Анна получила годовой табель, и счастью ее не было конца — перешла по всем предметам. По физкультуре и домоводству — еле-еле, но по литературе — лучшая в классе, а по алгебре — пятая, и даже, обнаружила с тайным восторгом девочка, чуть-чуть, на четыре балла, обошла Сюзи.
Папа отправился в школу — поблагодарить учителей за помощь дочке. Вернувшись, он посмотрел на свою младшую с нескрываемым изумлением.
— Ну, что они сказали? — потребовала Анна, ее встревожил взгляд отца.
Все расхохотались, а мама, тоже слегка нервничая, ждала.
— Похоже, Руди не единственный гений в нашей семье, Клара, — начал папа. — И мистер Мак-Нейр, и мисс Сурклиф настаивают — Анна должна после школы идти в университет. Только договориться между собой не могут, литература или математика.
— Слышала бы тебя сейчас фрау Шмидт, — воскликнула мама. Фрау Шмидт, первая учительница Анны, давным-давно, во Франкфурте, постоянно твердила — Анну невозможно ничему научить.
— А этот мистер Ллойд — вы всегда на него жалуетесь — показался мне приятным человеком, — продолжал папа, оглядывая сгрудившихся вокруг него детей. — Он тоже сказал, что ты многого добьешься, Анна. Ну, когда время придет, видно будет.
Пока сестры и брат шумно возражали против похвалы мистеру Ллойду, Анна не произнесла ни слова, но в душе ликовала. Хорошо, значит, не зря она не теряет веры в учителя географии.
'Наверно, мистер Апплби что-то такое и имел в виду, когда говорил о вере', — задумалась девочка.

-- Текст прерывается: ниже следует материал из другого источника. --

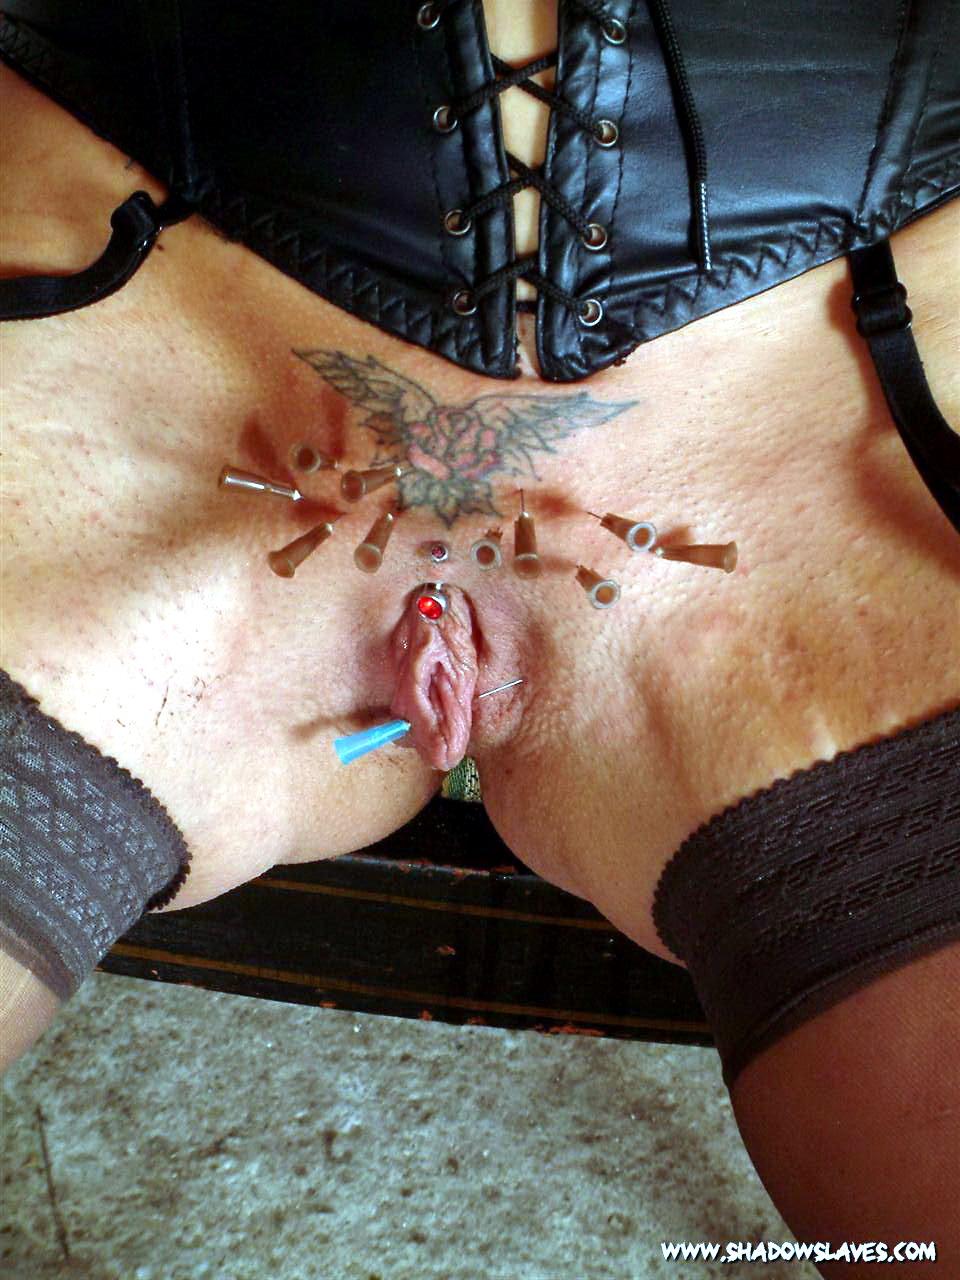 needle torture

Потом для Руди настала пора отправляться в Галифакс. Его отпустили домой попрощаться. Теперь уже было не до смеха. Галифакс ужасно далеко. Анна с трудом припоминала — корабль, привезший их из Германии, пристал именно там. Вспомнился холодный, серый город, или, когда они только приехали, таким ей увиделся Торонто? Руди не позволил семейству сидеть вокруг него с торжественными, похоронными лицами. Он забавлял их рассказами о своей новой жизни. Сколько прививок ему сделали! Сколько раз он драил палубу! А искусство складывания матросского воротника! Право, удачно, что мама в свое время научила его приводить в порядок постель.
— Есть парни, так они в жизни постель не убирали!
— Ты свою тоже не слишком часто заправлял, — рассмеялась Гретхен. — Бывало, накидывал покрывало и все. Сотни раз мы за тебя постель стелили, правда, Фрида?
— Не сотни, а тысячи, — возразила сестра.
Папа рассказал Руди, как он ходил в школу, брат посмотрел на Анну со страшно довольным, вернее, чуточку самодовольным выражением лица.
— Мне это давно известно, папа. Но за ней нужен глаз да глаз. Присматривай за Анной без меня, папа. Да и мистер Мак-Нейр поможет, верно?
Только папа шел провожать Руди на вокзал. Остальные столпились вокруг мальчика, обнимая его и целуя. Руди наклонился к младшей сестре и шепнул в самое ухо:
— Так держать, детка! Я на тебя рассчитываю.
Она кивнула, вцепилась в руку брата, не отпускала его, пусть не уходит, ну пожалуйста!
— И слушай пение, Анна, — внезапно произнес он, улыбнувшись на прощанье. — Что бы ни случилось.